What the task asks
From the line with "PANTONE 15-6123 TCX - Jade" to the line with "IntReCons.com", output every line below exactly, both ends included. Skip the pictures.

Exercise data
◇ ◇ ◇ ◇

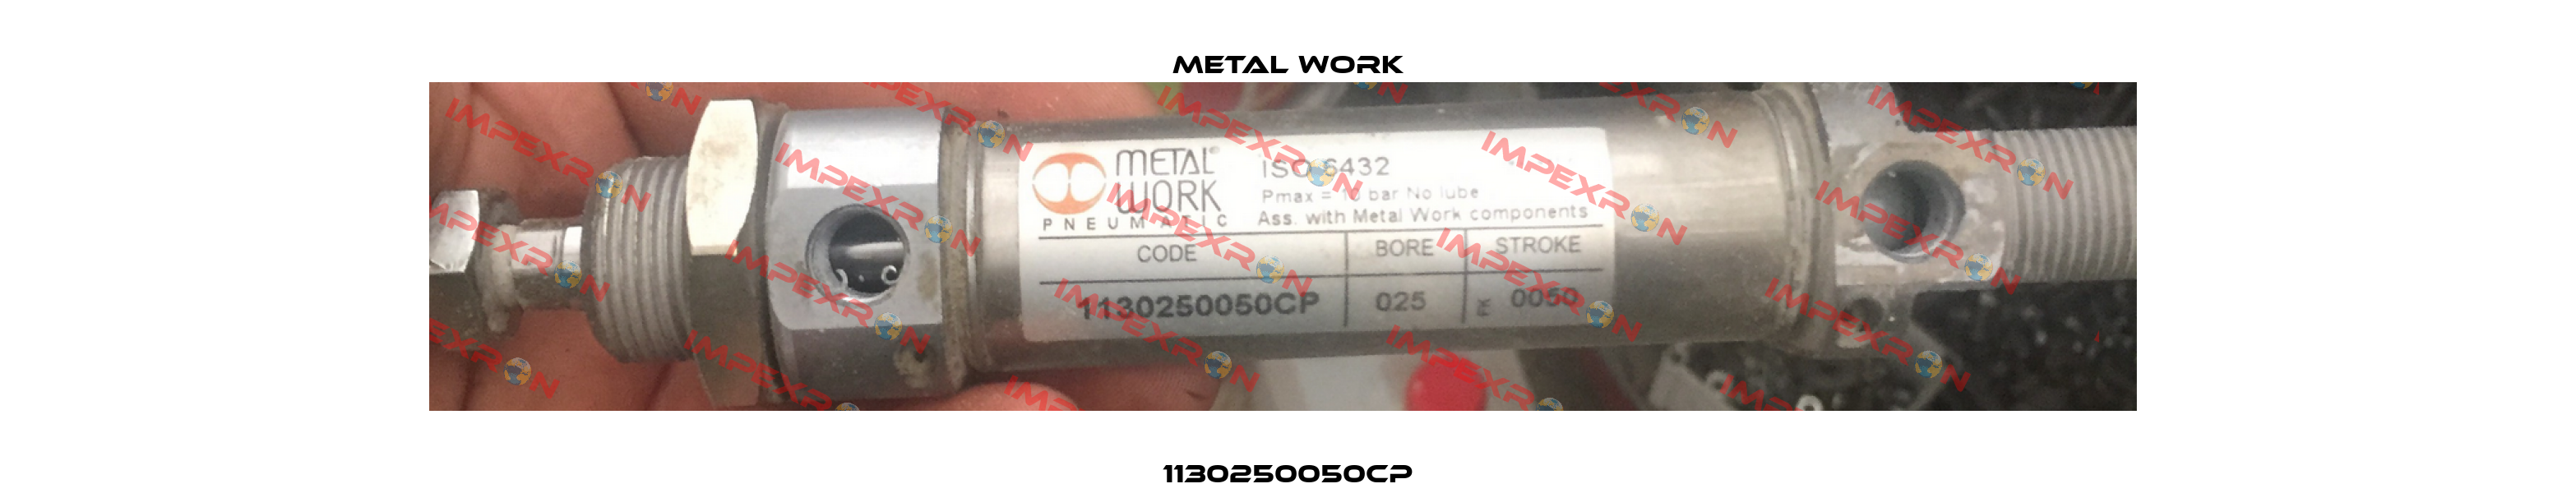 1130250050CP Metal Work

◇ ◇ ◇ ◇

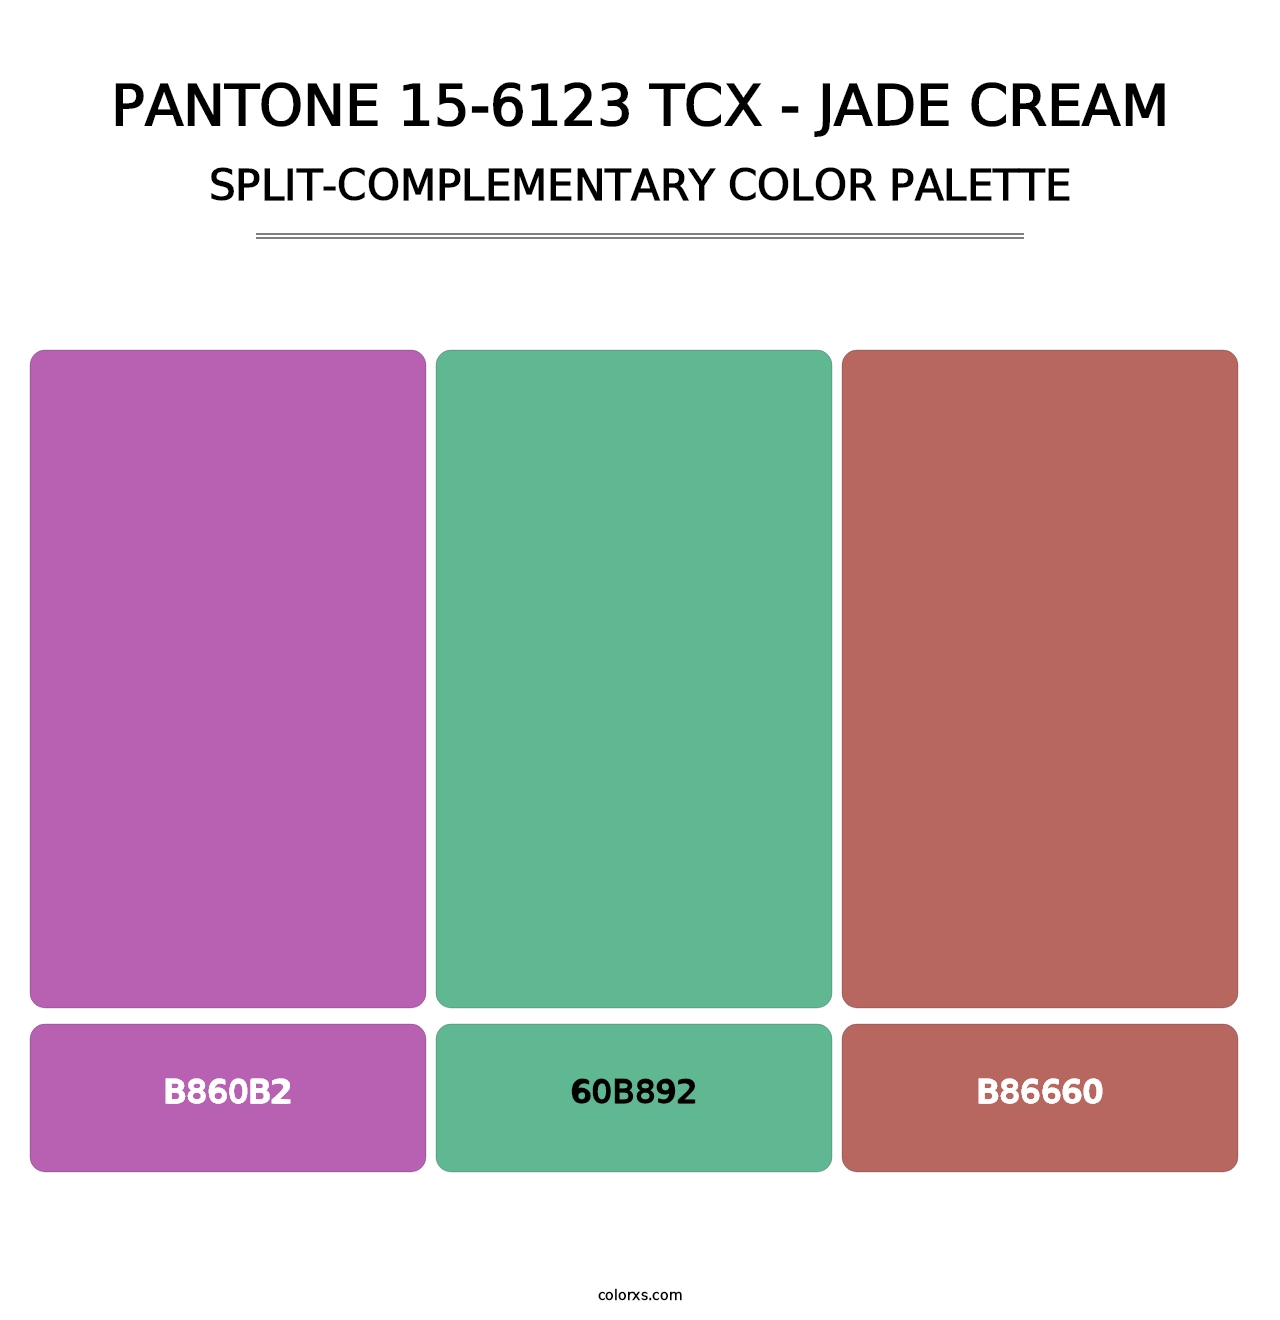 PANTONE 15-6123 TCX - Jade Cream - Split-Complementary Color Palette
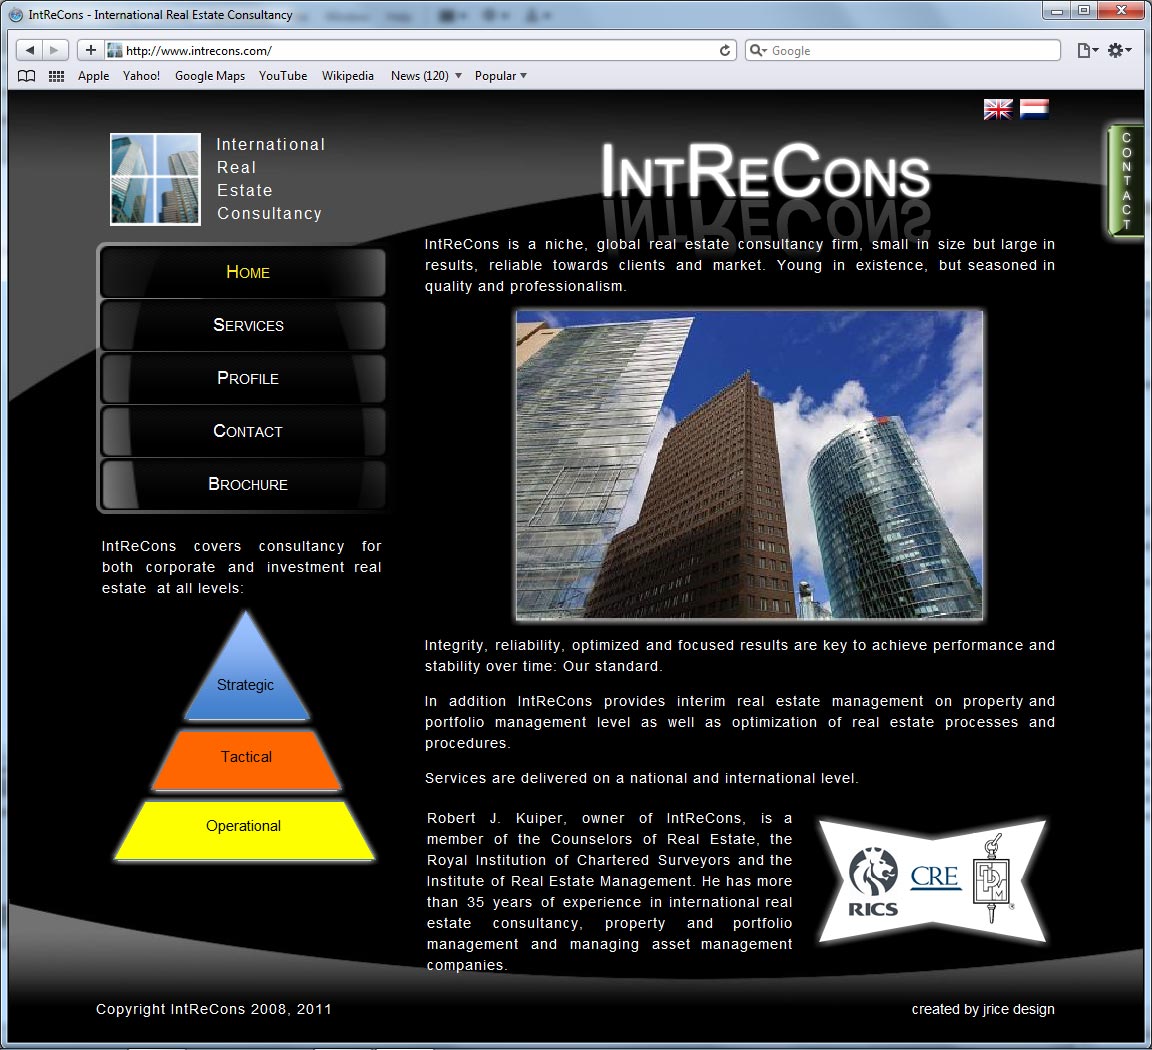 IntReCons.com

◇ ◇ ◇ ◇

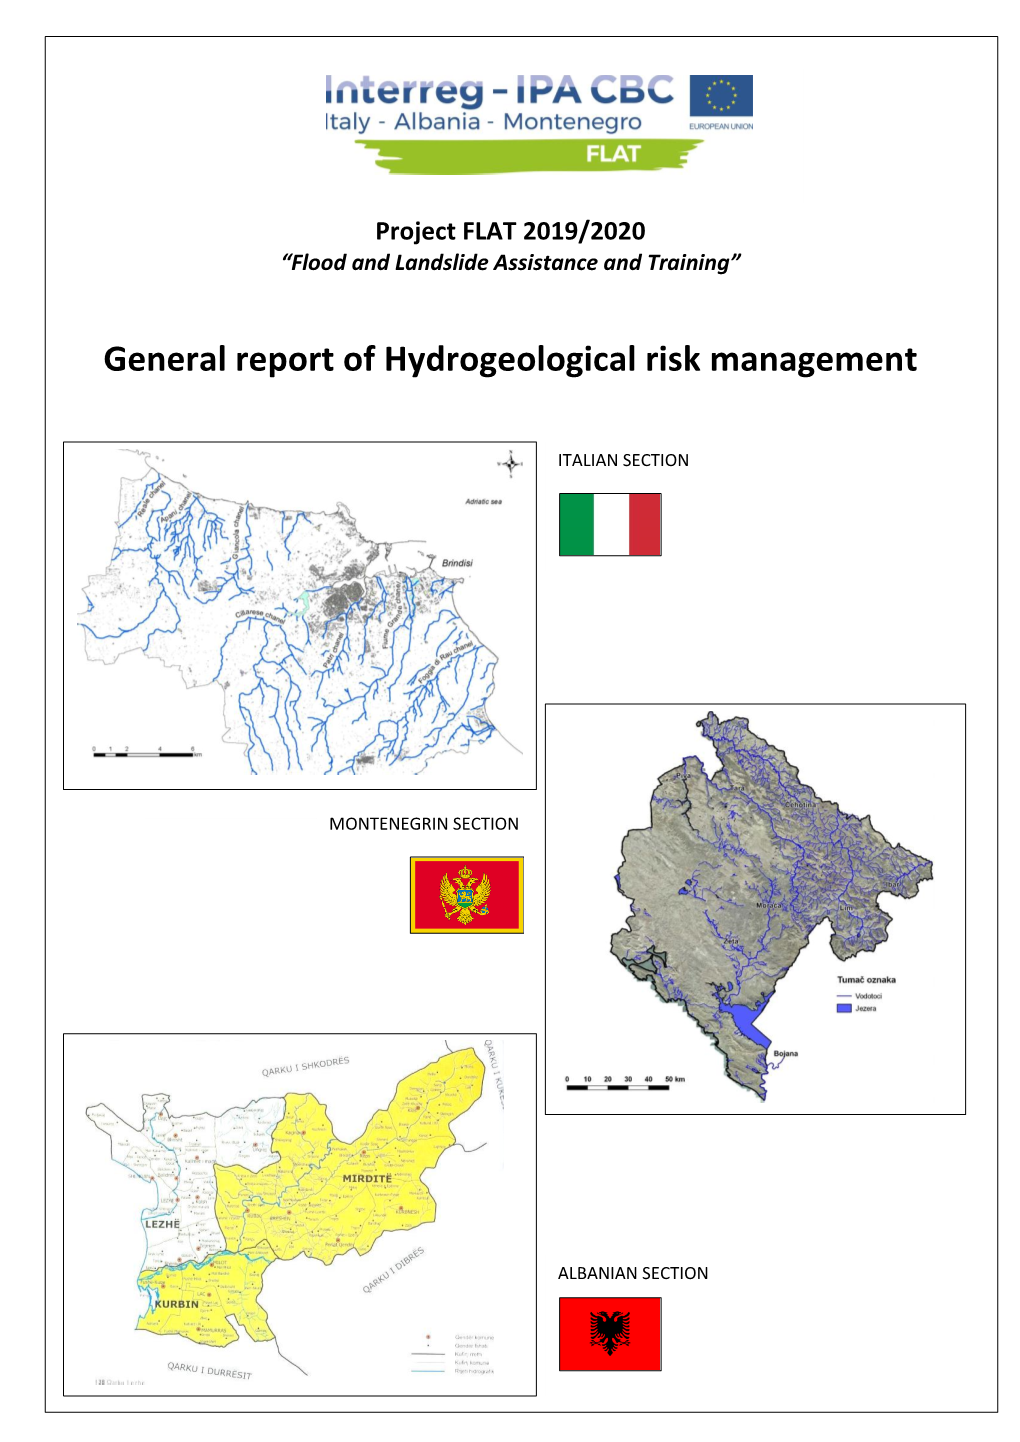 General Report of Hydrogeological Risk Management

◇ ◇ ◇ ◇

Task answer
 PANTONE 15-6123 TCX - Jade Cream - Split-Complementary Color Palette
 IntReCons.com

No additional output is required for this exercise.